> How to complete this task: Below are entries; output exactly the lines from the one with "6 brewing senseo, Coffee" to the one with "14-6003-analoges-fensterthermometer1-1200x1200px.jpg", both included, and nothing else.

> Supplied data:
- Opening Delimiter -

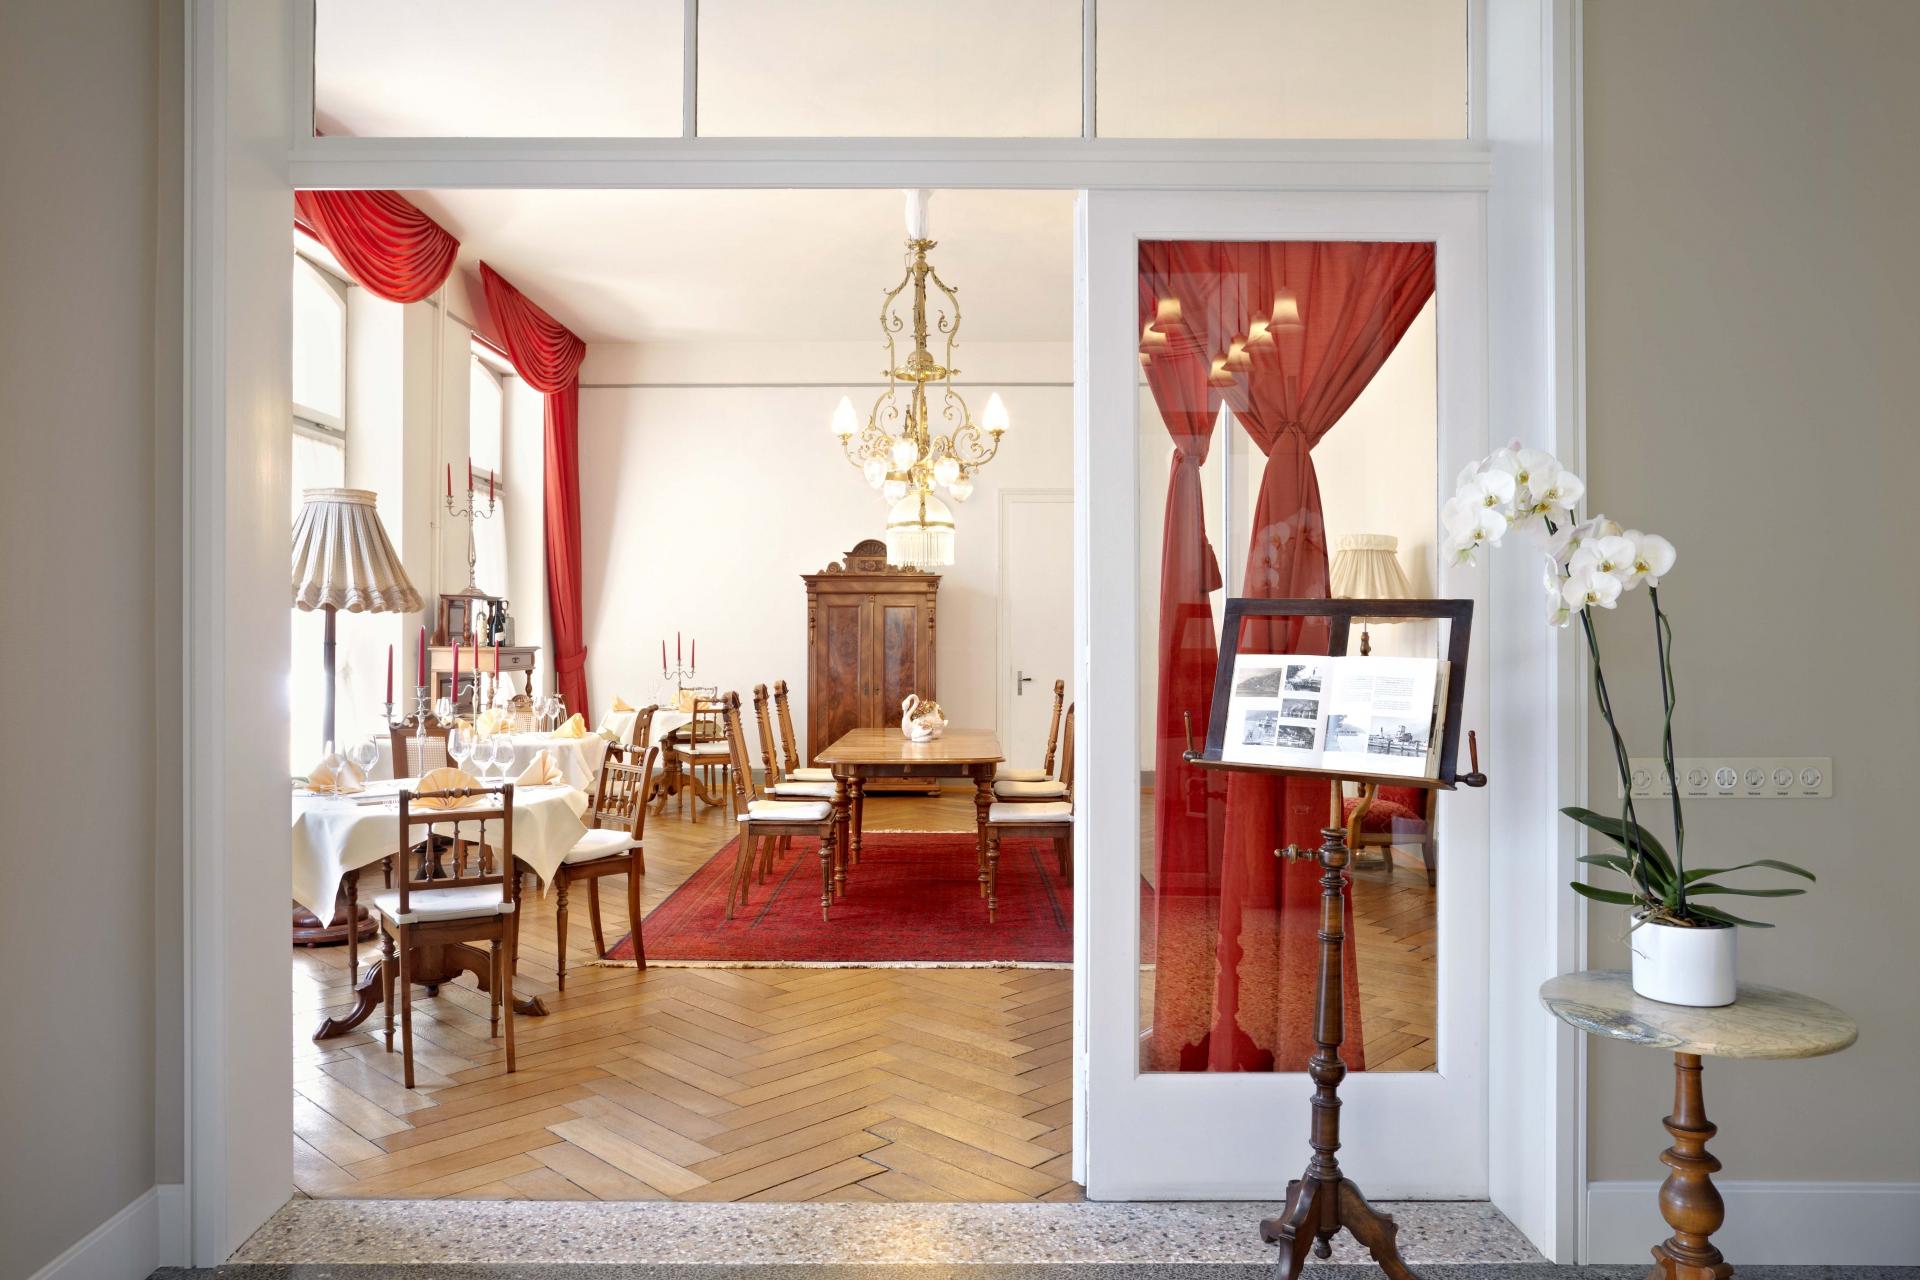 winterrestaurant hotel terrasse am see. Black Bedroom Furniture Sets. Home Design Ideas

- Closing Delimiter -
- Opening Delimiter -

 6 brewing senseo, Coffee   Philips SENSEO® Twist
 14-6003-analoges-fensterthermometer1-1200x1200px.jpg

- Closing Delimiter -

> Written answer:
 6 brewing senseo, Coffee   Philips SENSEO® Twist
 14-6003-analoges-fensterthermometer1-1200x1200px.jpg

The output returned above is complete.